Ager's next opera "Führerbunker" had its premier in 2015 in Kitchener, as a co-production with the Waterloo Centre for German Studies. The work then received several productions by COSI in Toronto. This work, regarded as controversial in terms of its subject matter, is a depiction of the fall of Berlin in 1945. Described as a "morbid historical drama", the opera shows the decline and suicide of Adolf Hitler amidst the crumbling surroundings of his underground bunker, in the company of Eva Braun and the remaining staff as Berlin fell to the Soviet armed forces. Ager was advised against writing it - but he has succeeded in creating a stage work that unsympathetically shows the human end of an evil historical figure. "Führerbunker" was produced again in Ottawa in 2016 at the Mayfair Theatre, to much acclaim and discussion.
===The Unknown Soldier===
In April 2017, Ager conducted a multi-media performance of his work "The Unknown Soldier" at the Canadian War Museum. The work was adapted and re-orchestrated for the event, which was a commemoration of the 100th Anniversary of the Battle of Vimy Ridge. It includes texts by Canadian, French, British, and German soldiers.

=== The Eleventh Hour ===
In November 2018, Ager conducted the Cantata Signers of Ottawa and Orchestra for the premiere of his work "The Eleventh Hour" at a gala concert commemorating the 100th Anniversary of the end of WWI at the Canadian War Museum.

=== A Christmas Carol ===
Commissioned by Philip and Eleanor Rogers, "A Christmas Carol" (2019) is Ager's take on the well-known Dickens tale.  With a performance time of 40 minutes, for chamber ensemble (various versions available or piano only), baritone solo, mixed choir (children's choir optional for trebles) and several easy solos, it was particularly well-received.

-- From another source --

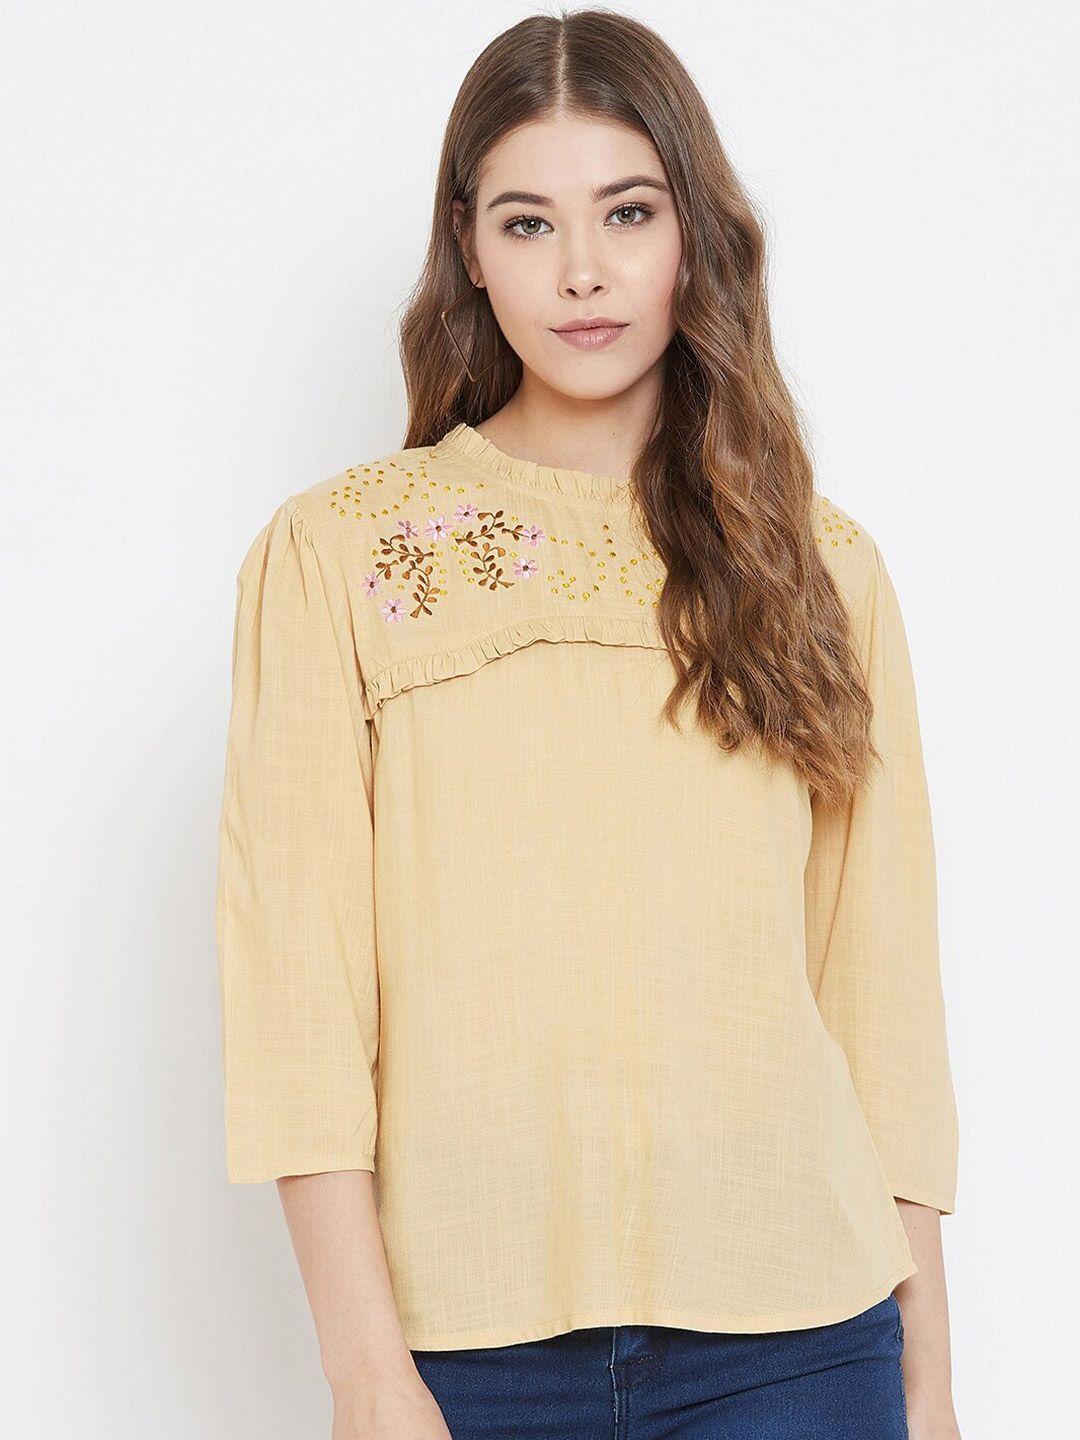 ruhaans floral embroidered round neck casual top

==Upcoming Work (2020-22)==
"Dracula", the second of Ager's "The Gothic Trilogy", is slated for world premiere in November 2021 in Ottawa.

Ager is writing "Angel", a chamber opera set in the Underworld of 1970's New York City.  It is a story of deception and survival in a perilous world.  "Angel", a young dancer, is in a dangerous situation and finds unknown strengths in herself to survive against all odds. Benjamin Spierman, General Director of the Bronx Opera, will be welcomed as artistic director for the premiere production.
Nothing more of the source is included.